The arborists came out to our home yesterday to prune the Blue Feather Cypress trees and the Ginkgo. Another team came to remove so many dead limbs from two enormous oak trees.
As I left my house for campus, I passed by two experts working right by the driveway. I watched who made the first cut into the cypress tree. One knelt; the other observed. Then they stood back, hands on their chins, assessing. They discussed. They gently examined the next limb. With the next cut, they repeated the process, all the way up the tree. What I noticed most involved the intense discussion after each cut.
I imagine they stayed for hours.
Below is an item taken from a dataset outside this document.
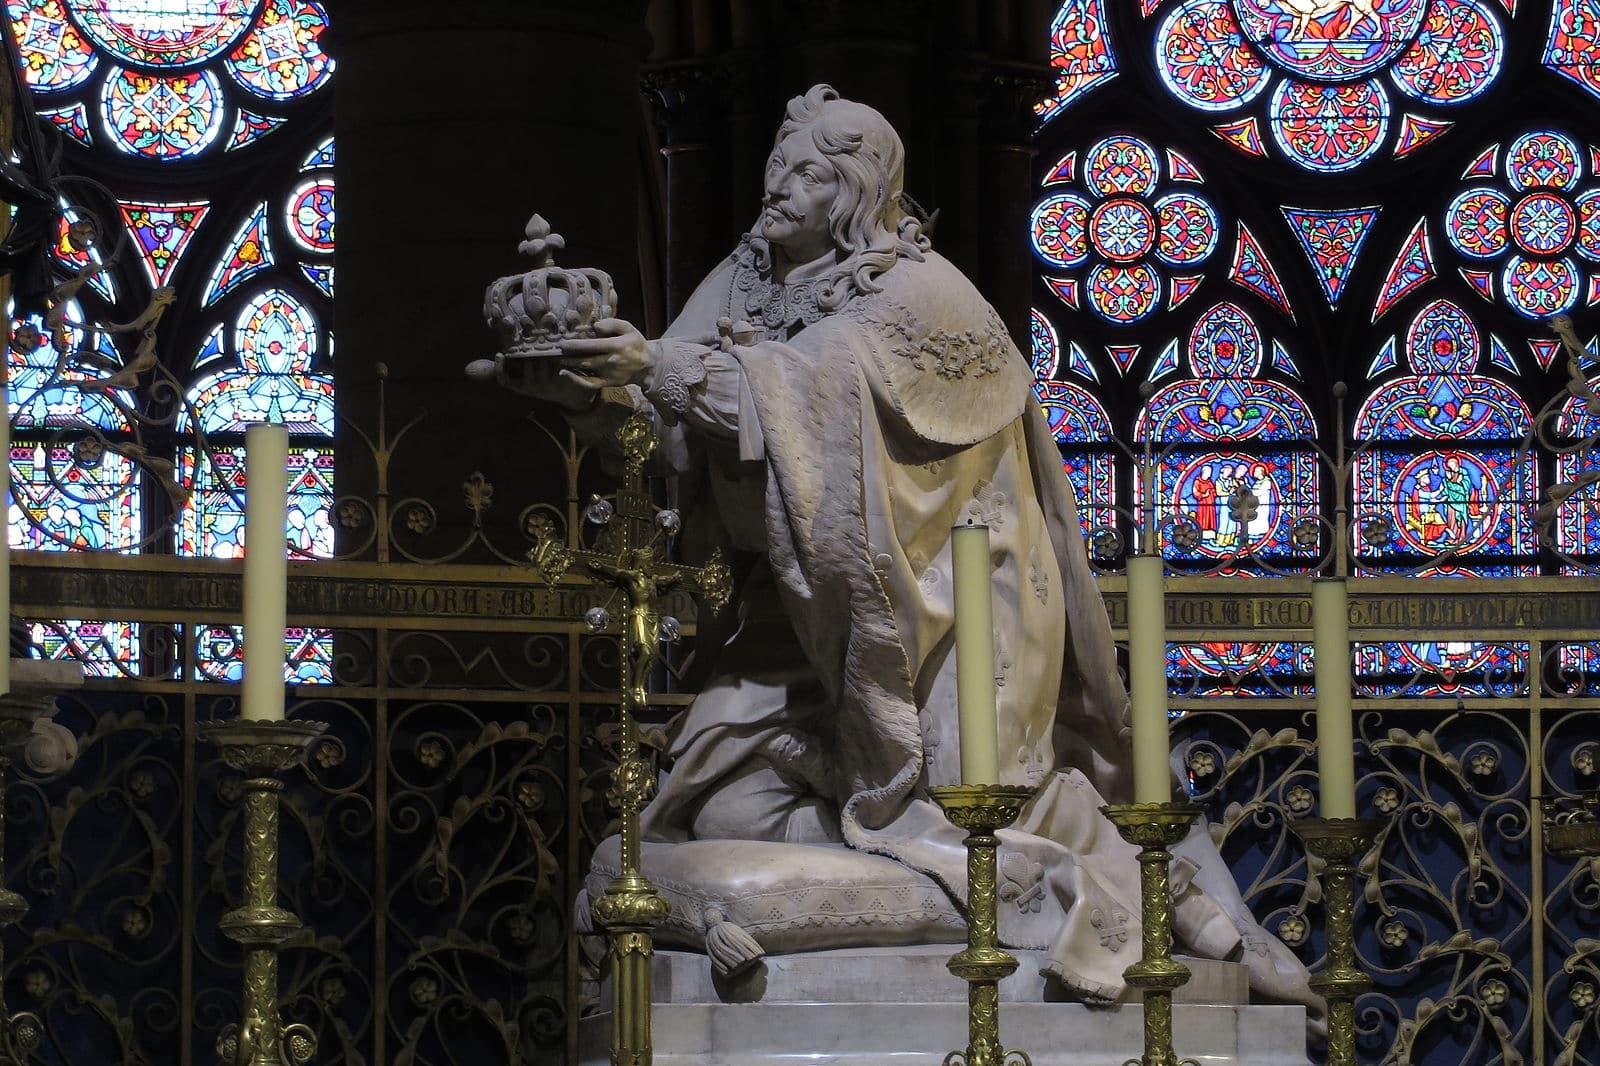 Louis XIII Notre Dame restauration

When I returned home late in the afternoon, the trees had their perfect shape, their perfect height, and their perfect look. I thought of God pruning our lives. With every cut, He deliberately and thoughtfully knows what He’s doing in our lives.
The Ginkgo enjoyed all the pruning to keep it growing tall and strong. But I learned we now must stake it for a year to direct the growth against its current inclination. It’s that holding in place, that tightly bound situation that, at least in our own lives, we tend to resist. When God stakes us down somewhere for our own good, it’s to keep us right. It’s to keep us going in the right direction. Otherwise, as the expert warned, the tree will destroy itself, toppling under its own wrong bent.
I submit to the pruning and staking. I submit to every cut.